The invention provides a method for detecting the head of a moving human body based on stereo visual sense. The method comprises the steps: constructing a hardware platform; arranging two calibrated cameras of the same type above the target scene to be shot in parallel, wherein one camera is arranged at the left side and the other one camera is arranged at the right side in the same height; calculating the parallax between two binocular stereo images through a stereo matching algorithm based on a window; acquiring the distance between the cameras and the target scene through triangle operation based on the parallax so as to acquire the original depth image of the target scene; and performing head target segmentation for the original depth image according to the gray level and the geometrical characteristic of the head target of the human body so as to achieve identification of the head of the human body.

Description

Based on the movement human head detection method of stereoscopic vision
Technical field
The present invention relates to the detection and tracking technology of moving target, a kind of especially movement human head object detection method based on stereoscopic vision.
Background technology
Along with the quick raising of the aspect such as Computer Storage, computing performance, computing machine is progressively applied to the sophisticated functionss such as scene reconstruction, target identification, human-computer interaction by people, this has not only opened up scale and the research direction of computer application field, and facilitates the fast development of related discipline.As current active research field, the essence of computer vision utilizes video camera to replace human eye exactly, utilizes computer to replace the brain of people, carries out recognition and tracking to target, and make corresponding pattern analysis process, generate the image being applicable to instrument detection or eye-observation.

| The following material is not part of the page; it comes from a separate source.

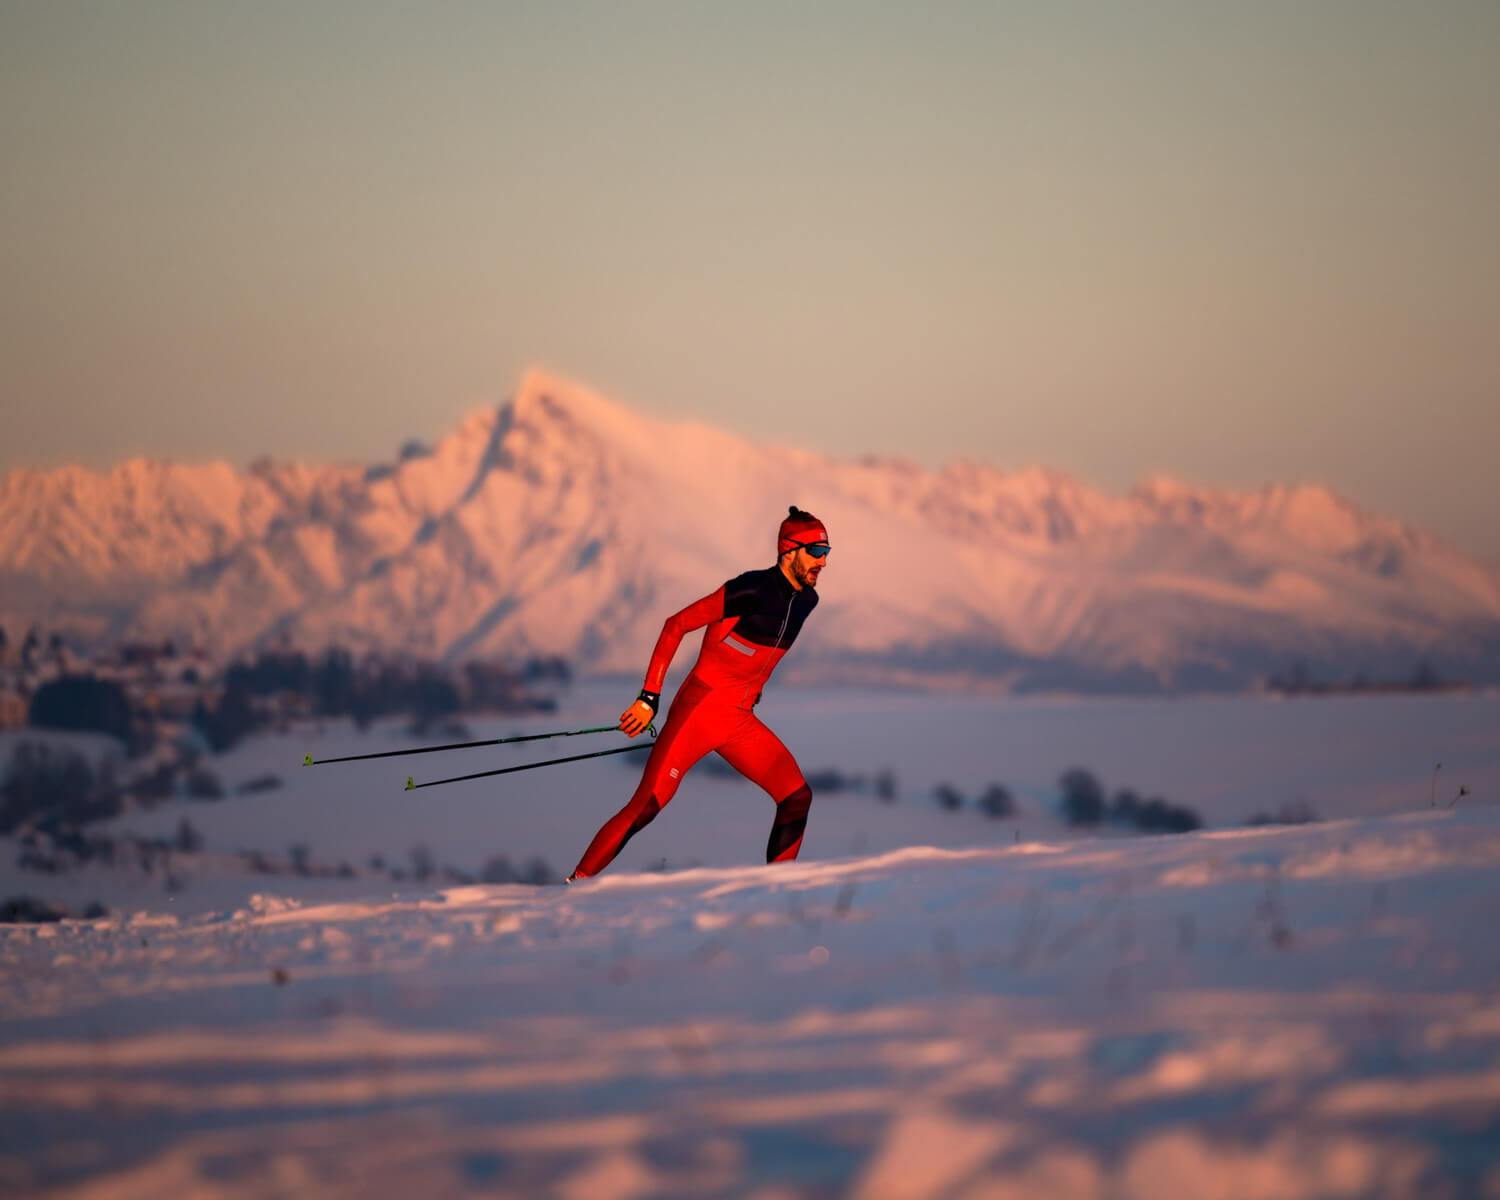 Jakub do svojej prípravy zahŕňa aj iné športové aktivity, ako primárny skialpinizmus.Tieto sekundárne aktivity mu pomáhajú zaťažiť systém inak a vo výsledku odtrénovať viac.
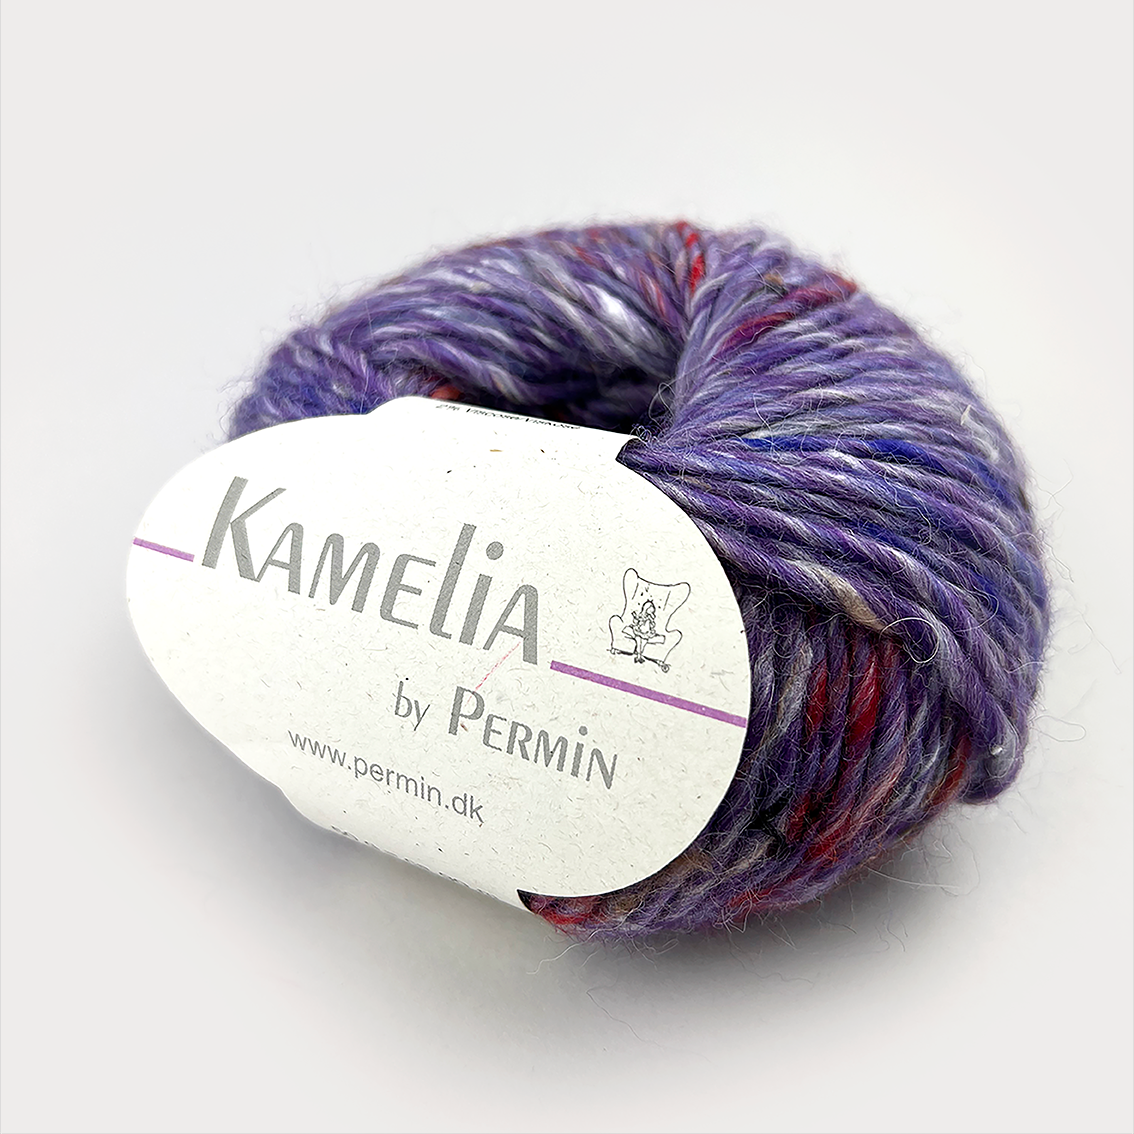 Kamelia | by Permin

The identification of movement human target is the prerequisite of human body in video being carried out to tracking lock and understanding and the behavior of description human body.Human body target recognition technology based on two dimensional image process is a newer technology, also achieves larger progress in recent years.But due to the human body target recognition technology technical finesse based on two dimensional image process is visible images, therefore higher to the requirement of illumination, thus accuracy of identification and speed are all very easy to the impact being subject to illumination.
Summary of the invention
The object of the present invention is to provide a kind of movement human head detection method based on stereoscopic vision, comprise the following steps:
Step S101, building of hardware platform: video camera sustained height one the first from left right side of the same model of having demarcated two is parallel to be placed on directly over target scene to be captured;
Step S102, by based on window Stereo Matching Algorithm calculate binocular stereo image between parallax;
Step S103, adopts the triangulo operation based on parallax to obtain the distance of video camera to target scene, thus obtains the original depth image of target scene;
Step S104, to original depth image according to the gray scale of human body head target and geometric properties, carries out head Target Segmentation, reaches the object of human body head identification.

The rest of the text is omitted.